In comparison with other methods, the colorimetric method has garnered extensive attention due to its superior responsiveness, portability, and practicality with no need for expensive and cumbersome instruments (Yan et al., 2020). Additionally, the detection result is easy to read out with visual inspection (Hao et al., 2013; Fan et al., 2017). In some research, a colorimetric assay has been developed for the detection of SA using TiO2 NPs. This nanomaterial shows good selectivity for SA, however, the sensitivity of detection is limited (Tseng et al., 2014). In another report, Yang's group developed two rhodamine-based fluorescent probes that could realize bioimaging of SA (Wang et al., 2019a). This colorimetric sensor not only possesses good selectivity and sensitivity toward SA but detection is also observable with the naked-eye. At the same time, it has some shortcomings.

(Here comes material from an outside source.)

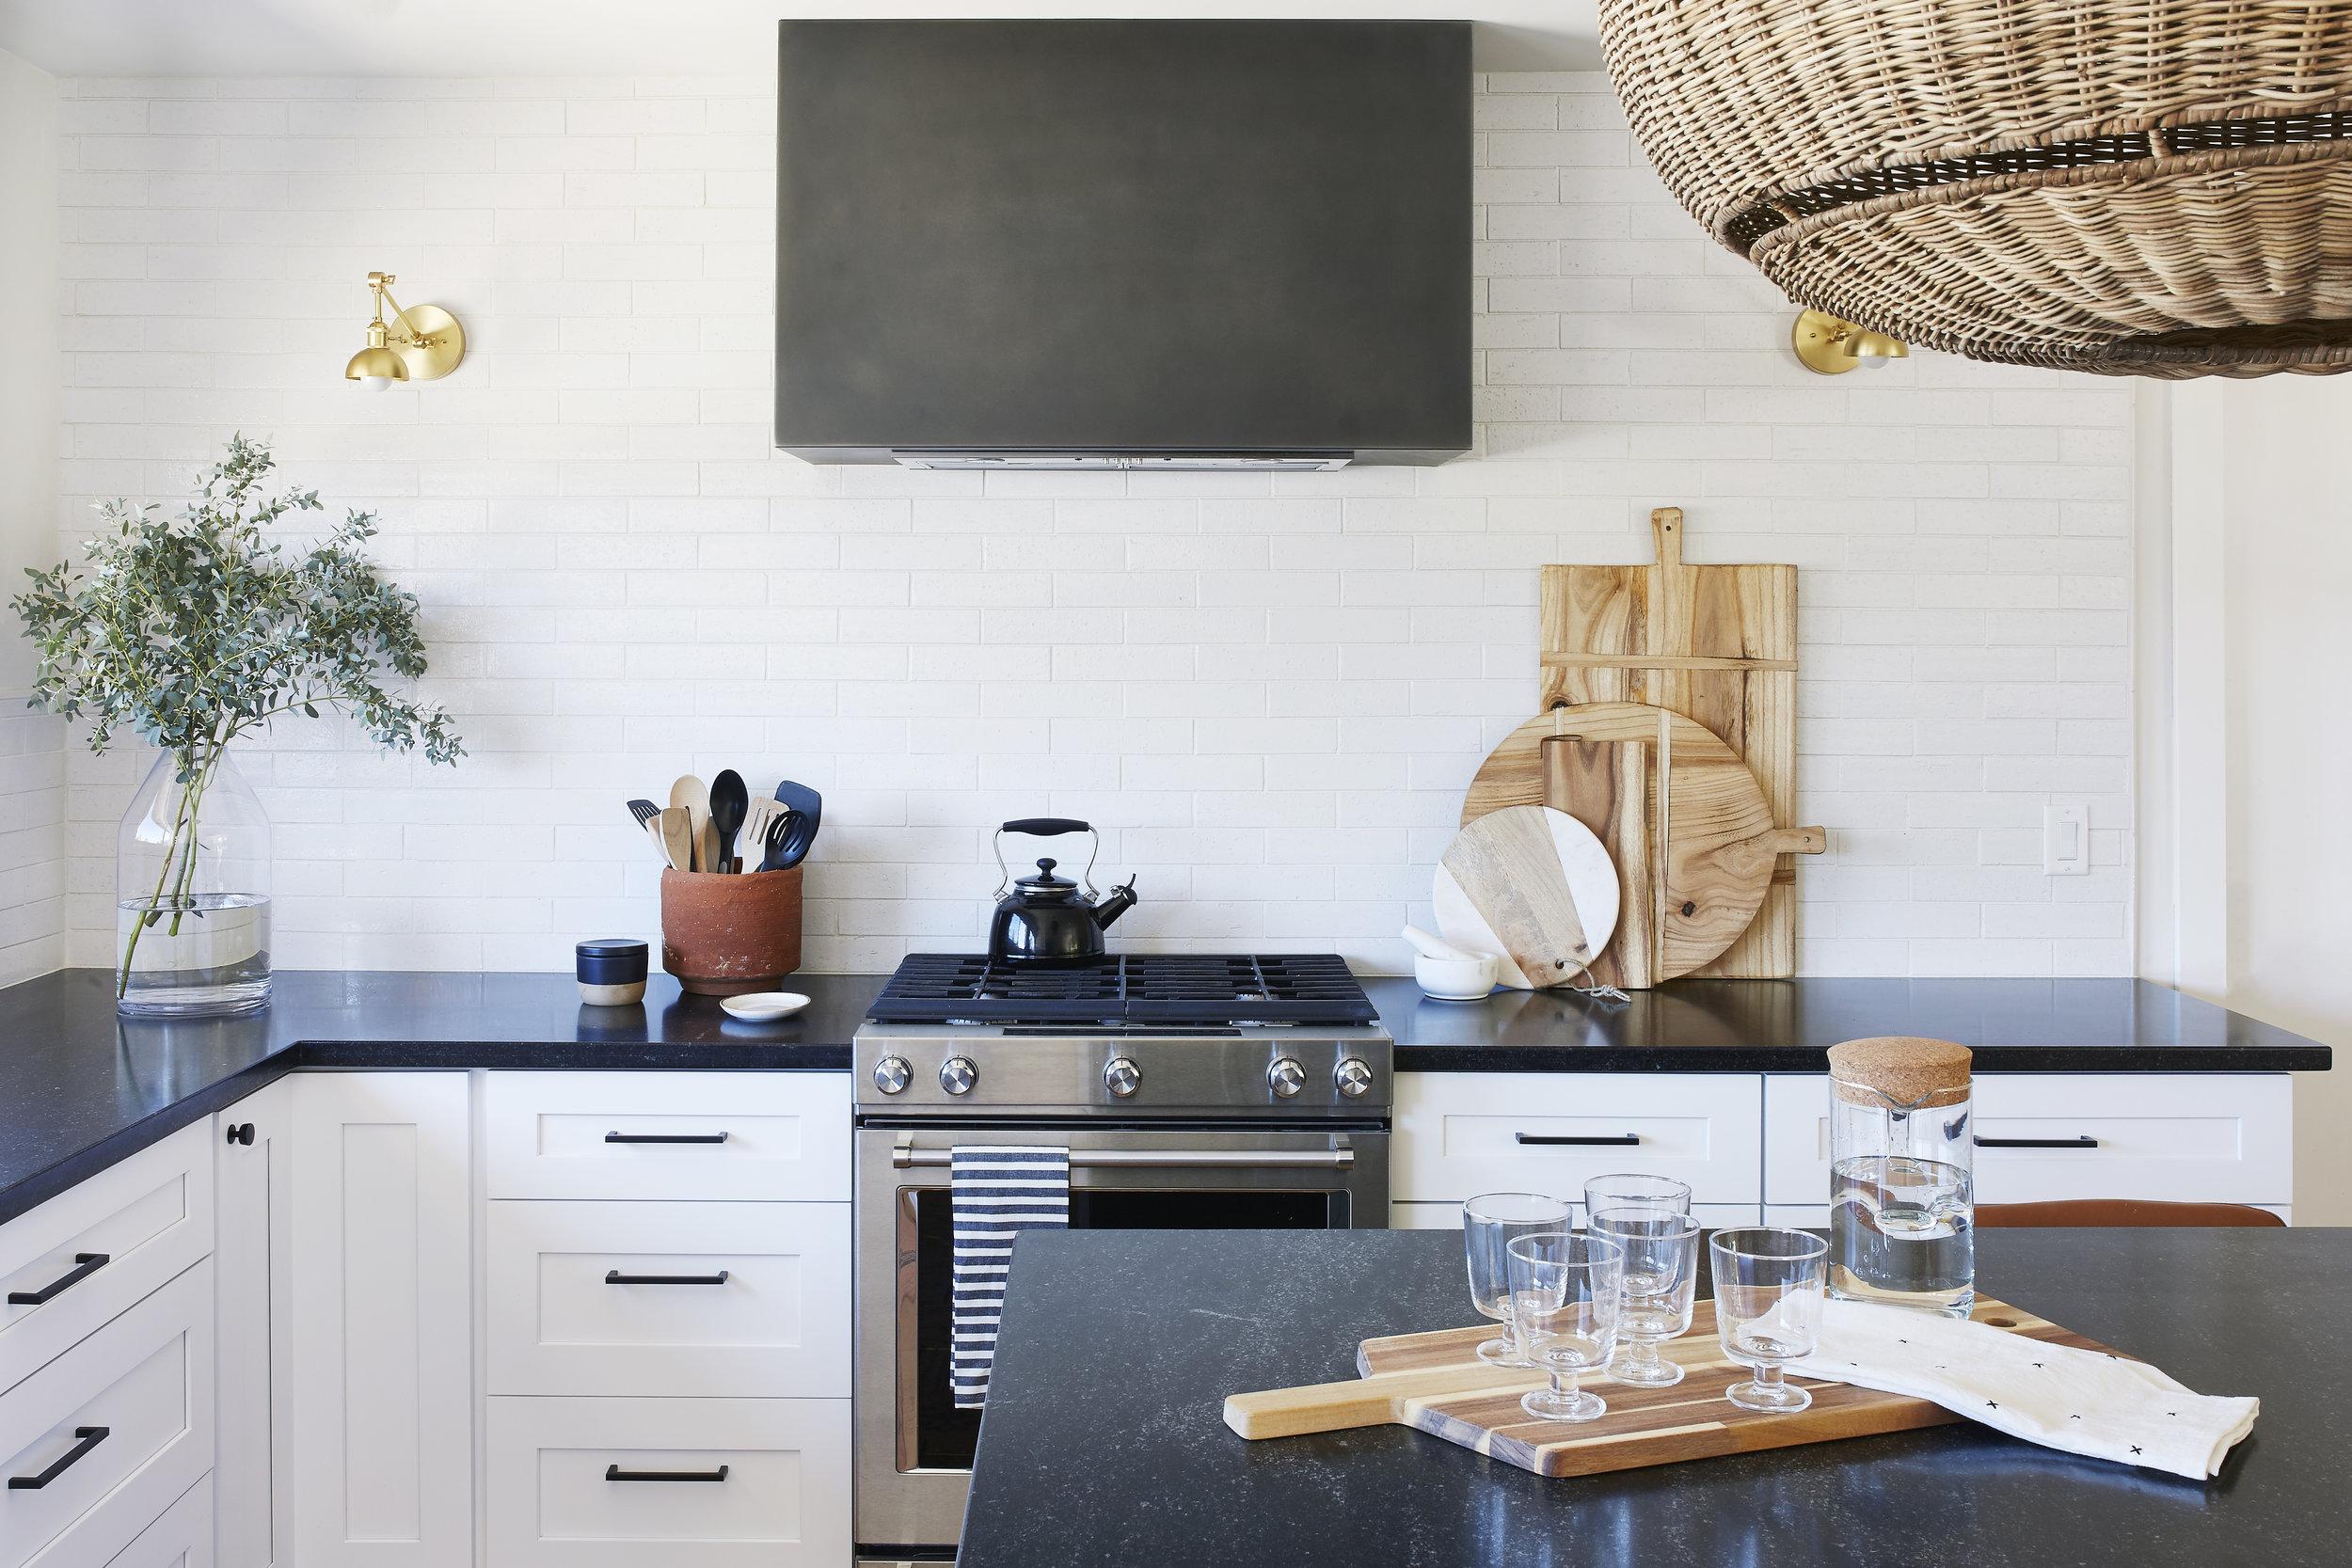 casey mason interiors | kitchen

The method is time-consuming, involves fussy operation steps, and it is difficult to fabricate probes using it. Previous studies have made it clear that nanozymes can be used in the field of colorimetric sensing owing to the advantages of simple preparation, low cost, and high catalytic activity. In particular, based on the improvement of enzyme catalytic activity, many studies have been carried out to achieve the purpose of colorimetric detection (Zhang et al., 2018; Li et al., 2019). Besides, most studies have focused on the design of nanozymes with different activities for colorimetric sensing of biothiols (Xiong et al., 2015; Song et al., 2020), dopamine (Wang et al., 2019b), glutathione reductase (Zhang et al., 2019), and acid phosphatase (Lin et al., 2020). These sensors generally achieve the goal of detection by using reduced substances to interfere with the oxidation of chromogenic substrates or to reduce oxTMB. However, these methods are usually affected by substances with strong reducibility, and thus the samples generally need to be pretreated. In contrast, few reports have been devoted to designing a scheme for specifically inhibiting the activity of nanozymes to ensure the selectivity of colorimetric sensing.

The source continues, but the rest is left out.